Microsoft fixes machine-learning bug that flags Adobe emails as spam

Microsoft has mitigated an issue with one of its machine-learning (ML) models which incorrectly flagged Adobe email in Exchange Online as Spam.

The company revealed this in an advisory posted on the Microsoft 365 admin centre tagged as EX1061430users had problems accessing alerts regarding Adobe URLs beginning April 22 at 9:24 UTC, while being warned of a potentially malicious URL.

Usually, this type of alert is issued when Exchange Online users accidentally click on a link within an email. Microsoft said.

“To fix the issue we initiated Replay Time Travel (RTT) on the affected URLs to fully remediate impact. Impact was specific to some users who were served through the affected infrastructure.”

A final update posted on Thursday, April 24 at 11:04 UTC said that Microsoft had implemented mitigations in order to lower false positive rates. This was done by improving machine-learning algorithms to ensure that legitimate email messages won’t be incorrectly classified as spam, and therefore not delivered, in the future.

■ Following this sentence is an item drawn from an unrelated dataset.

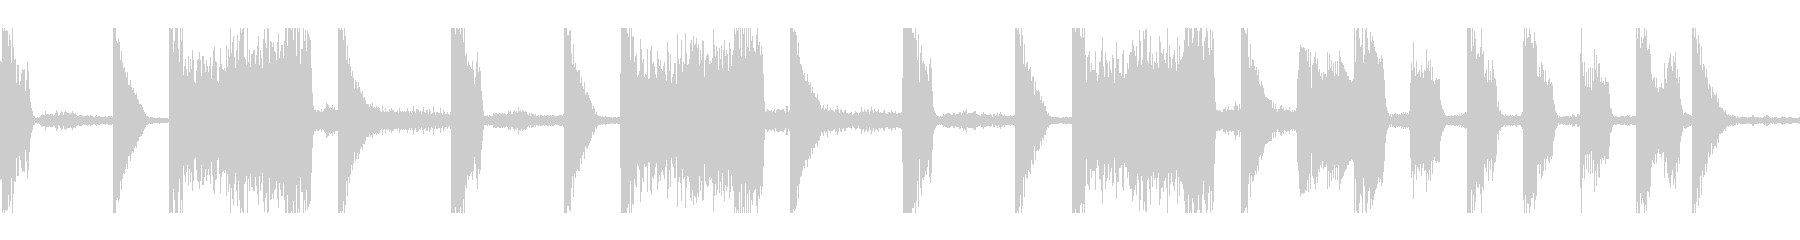 得点表示など向けのポップなループの未再生の波形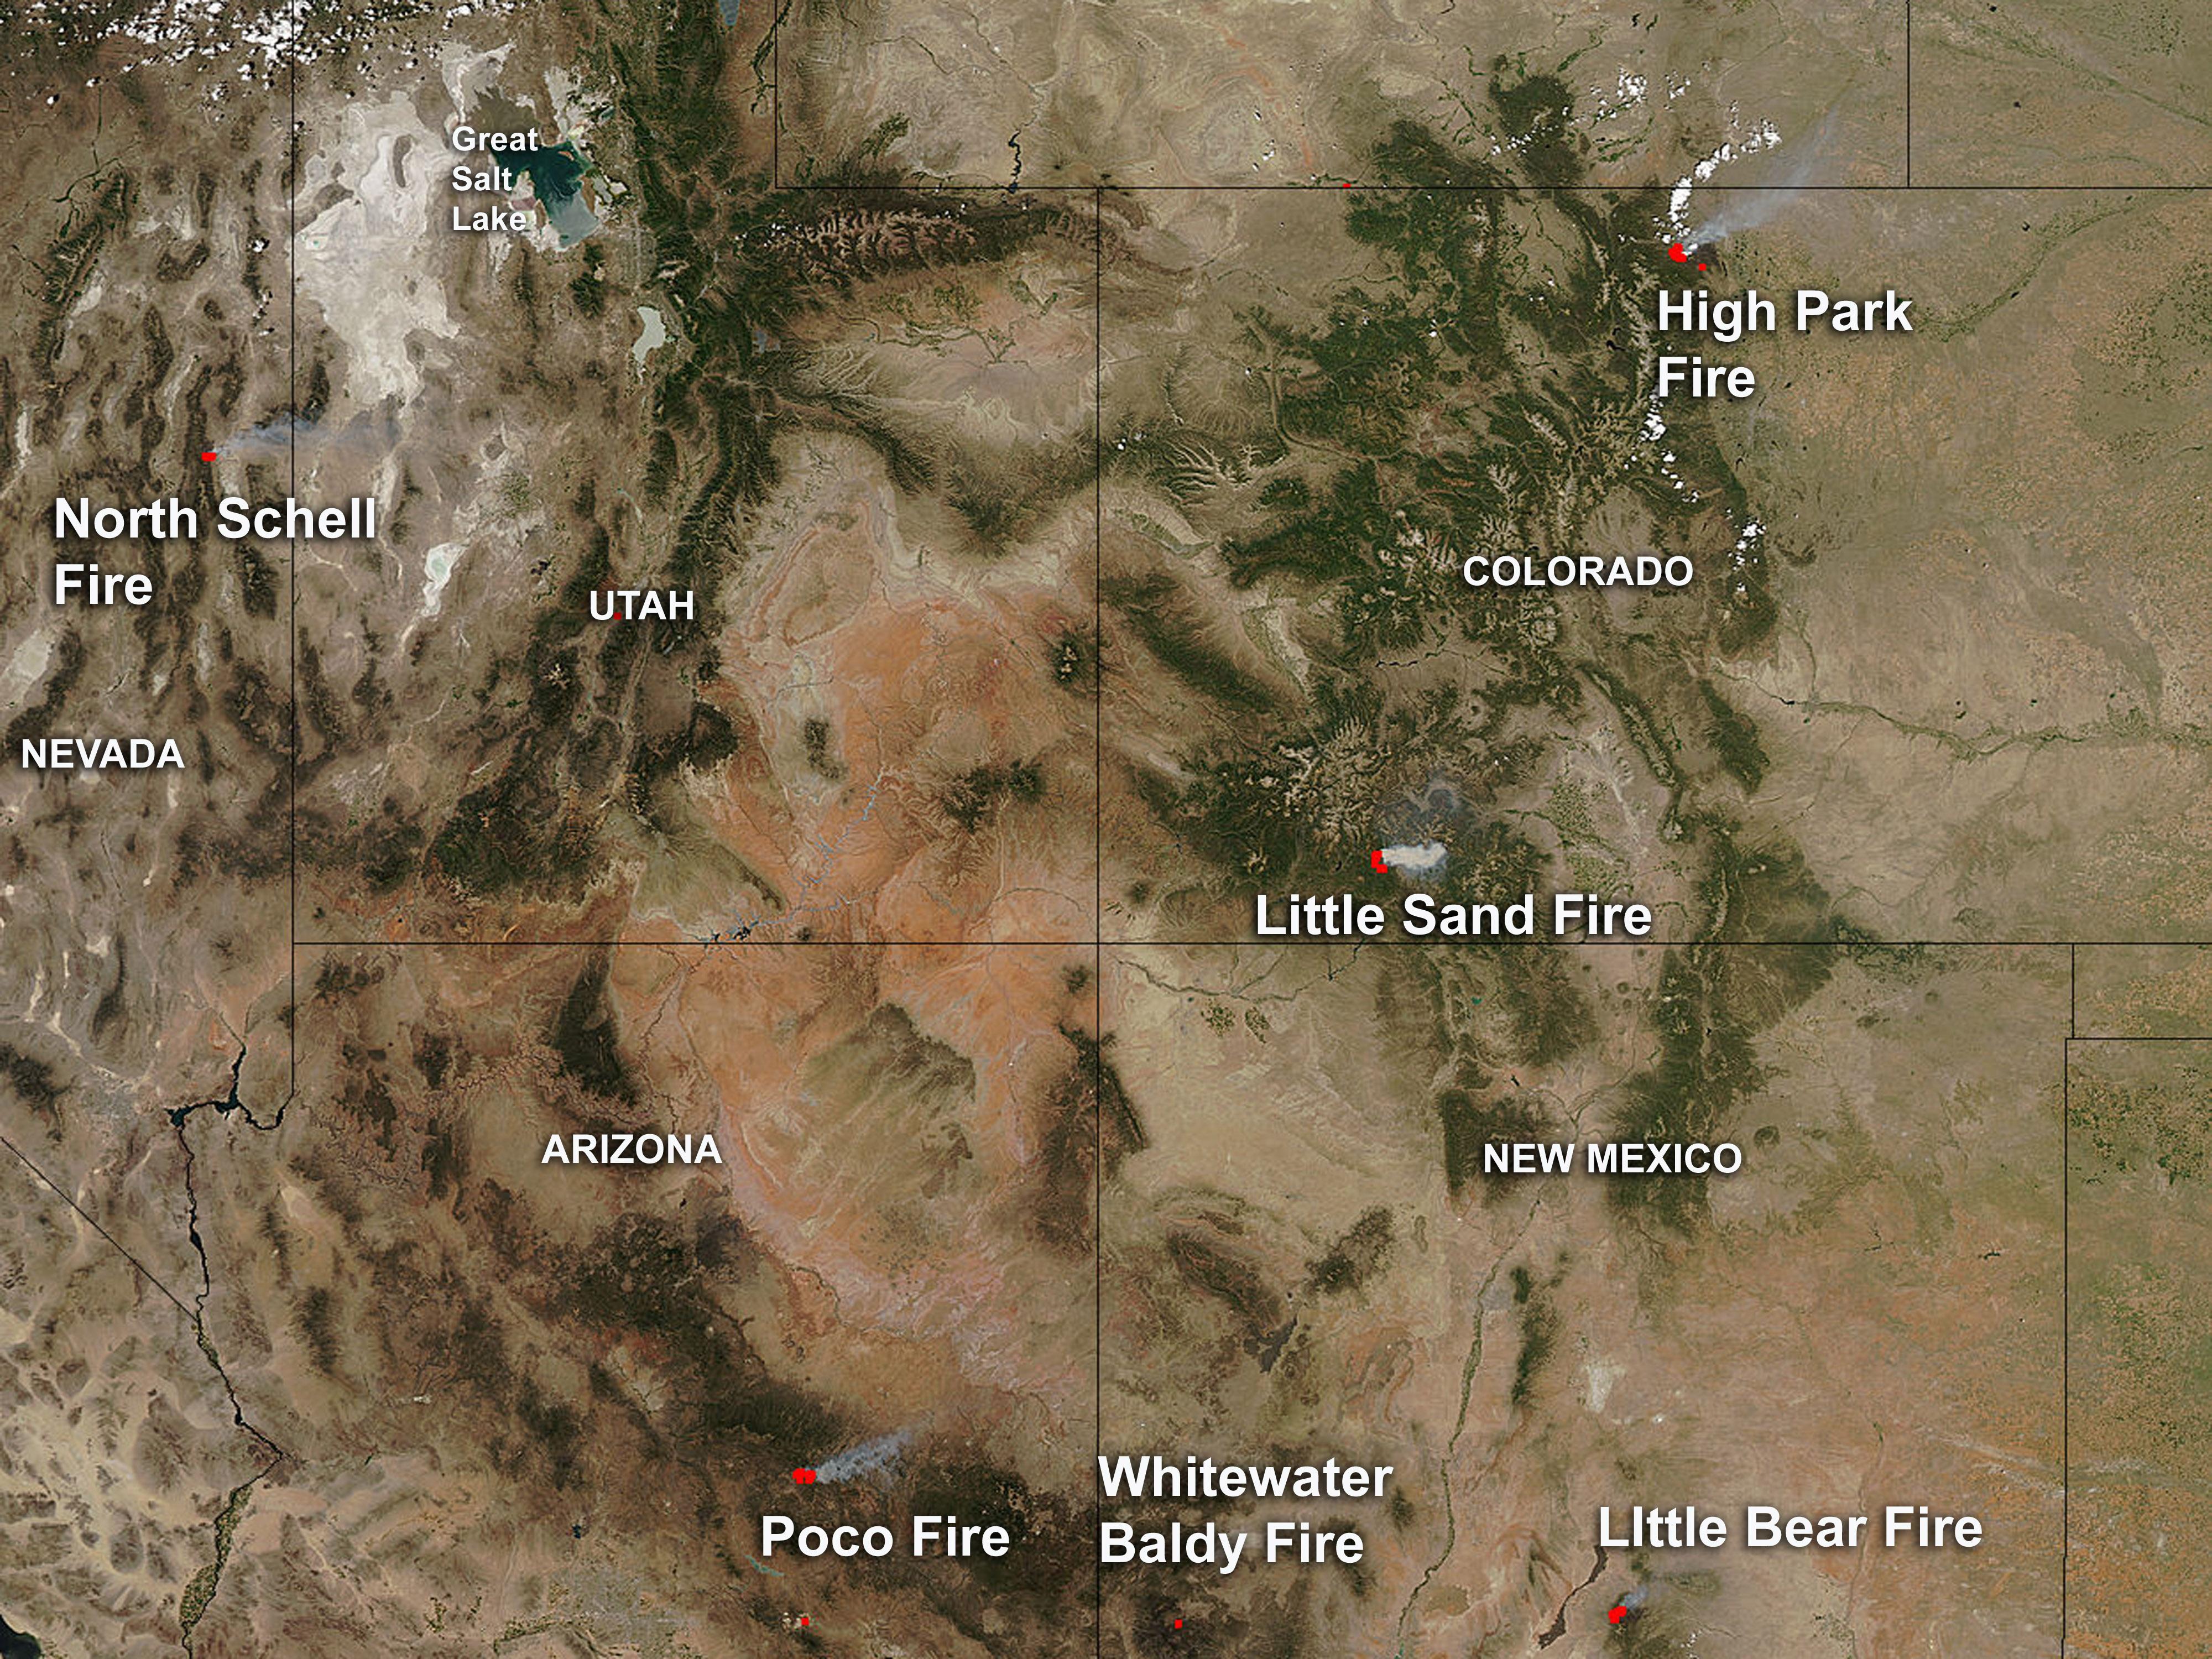 http://www.nasa.gov/images/content/661693main_FIRES-WesternUS_full.jpg

Although the company did not share any additional information about the regions or number of affected users, this incident was categorized as a service problem that is usually limited in scope and impact. Microsoft has dealt with similar issues in the past, resulting in emails being incorrectly classified as spam or quarantined. Microsoft, for example, addressed a false positive in Exchange Online that caused anti-spam systems incorrectly to quarantine emails from some users last month.

It also mitigated an Exchange Online Bug that tagged emails containing pictures as malicious and sent those emails to quarantine automatically. In October 2023, Microsoft had to disable a bad Anti-Spam rule that was flooding Microsoft 365 administrators’ inboxes by blind carbon copies of outbound emails that were mistakenly flagged spam.